What is a License Key and How Does It Work in Software?
Written by Ferdous Hassan. Posted in Elite Licenser
If you have ever installed paid software and been asked to enter a code before it would run, you have used a license key. Most people who buy software see this step without thinking much about what happens behind it. For developers building and selling software, the license key is the central piece of the entire sales and protection system.
This guide explains what is a license key, how does a license key work from the moment it is generated to the moment it activates a product, what a software license key generator does, and how the full license key activation process and license key validation system fit together.
What is a License Key?
A license key is a unique code assigned to a specific purchase that proves the software is being used by someone who paid for it. It is usually a string of letters and numbers, often formatted in groups for readability.
A typical license key looks like this:
ELIT-7K2M-9PQR-4XYZ-LM3NThe key itself does not contain the software’s logic or features. It is a reference value. When entered into the software, the key is checked against a record stored by the developer’s system. If the record shows the key is valid, active, and within its usage limits, the software unlocks.
In simple terms: the license key is the proof of purchase, and the validation system is what checks that proof.
What is a License Key Used For?
A license key serves several specific purposes, and understanding each one explains why software businesses depend on this system.

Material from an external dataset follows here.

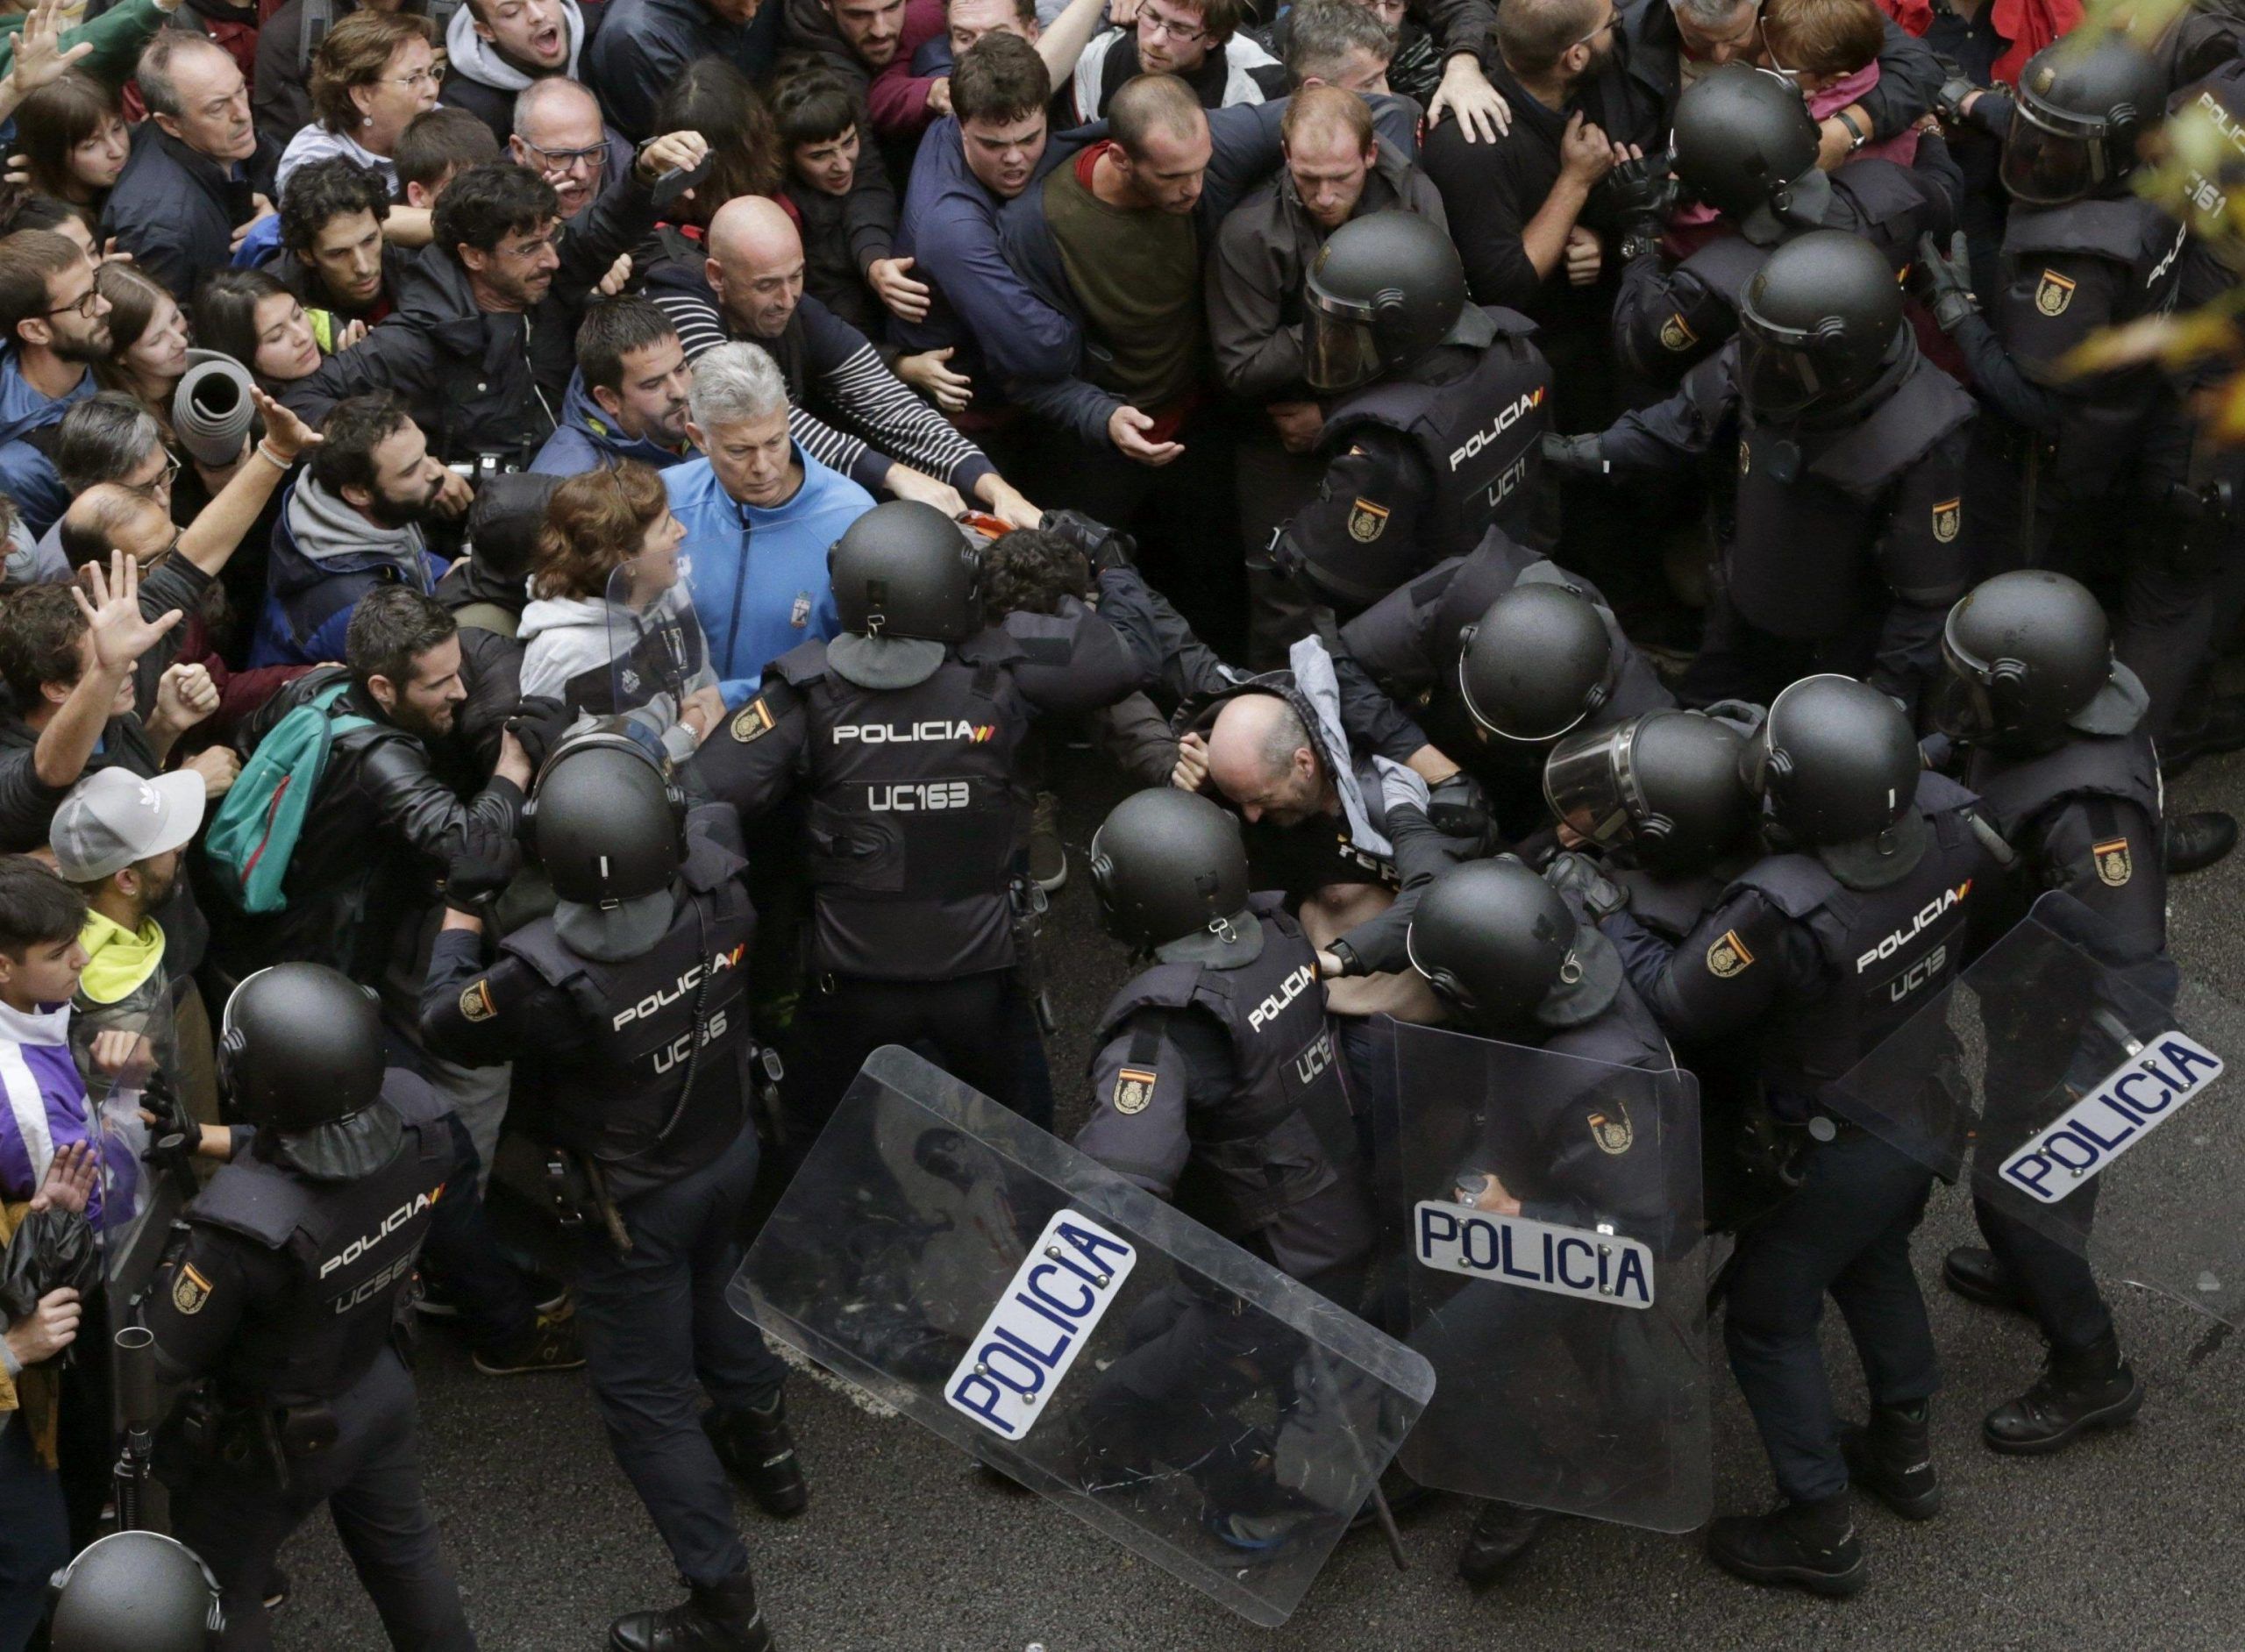 Clashes during the Catalan independence referendum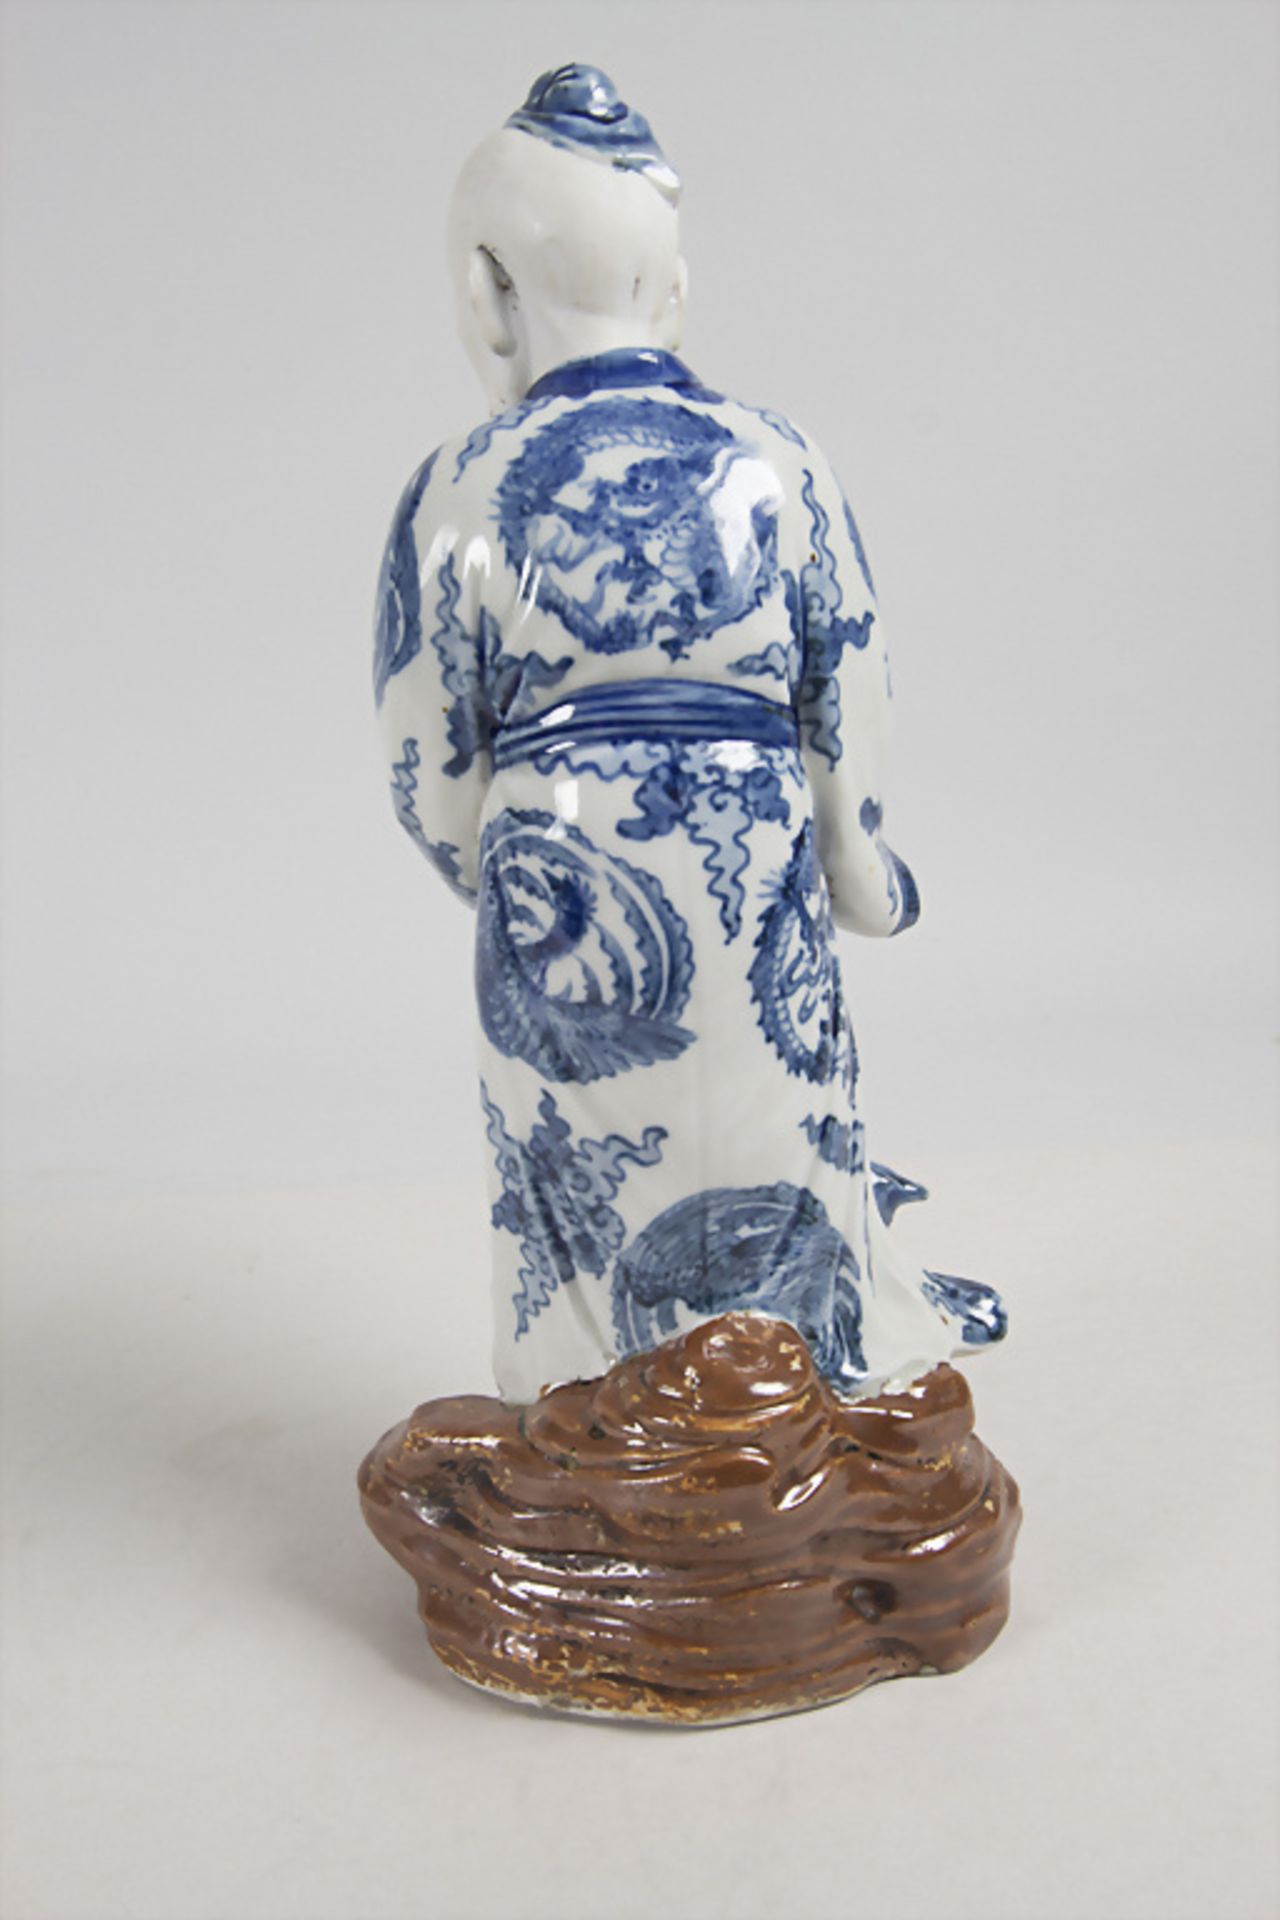 Konfuzius / A figure of Confuzius, China, Qing Dynastie (1644-1911), wohl K'ang Hsi- Periode ... - Image 3 of 8

Proof of purchase. The key confirms that a specific customer paid for a specific product. Without it, software has no way to distinguish a paying customer from someone who downloaded the files without paying.
Activation control. The key determines how many devices or domains the software can run on. A single-site license key allows activation on one website. A 5-site license key allows activation on five.
Update access. Many software products tie automatic updates to a valid license key. If the key is expired or invalid, the software does not receive update notifications.
Support eligibility. When a customer contacts support, the license key identifies their purchase, their plan, and whether their support period is active.
Usage tracking. Each activation request is recorded. The developer can see how many active installations exist for each product, which is useful data that does not exist without a license key system.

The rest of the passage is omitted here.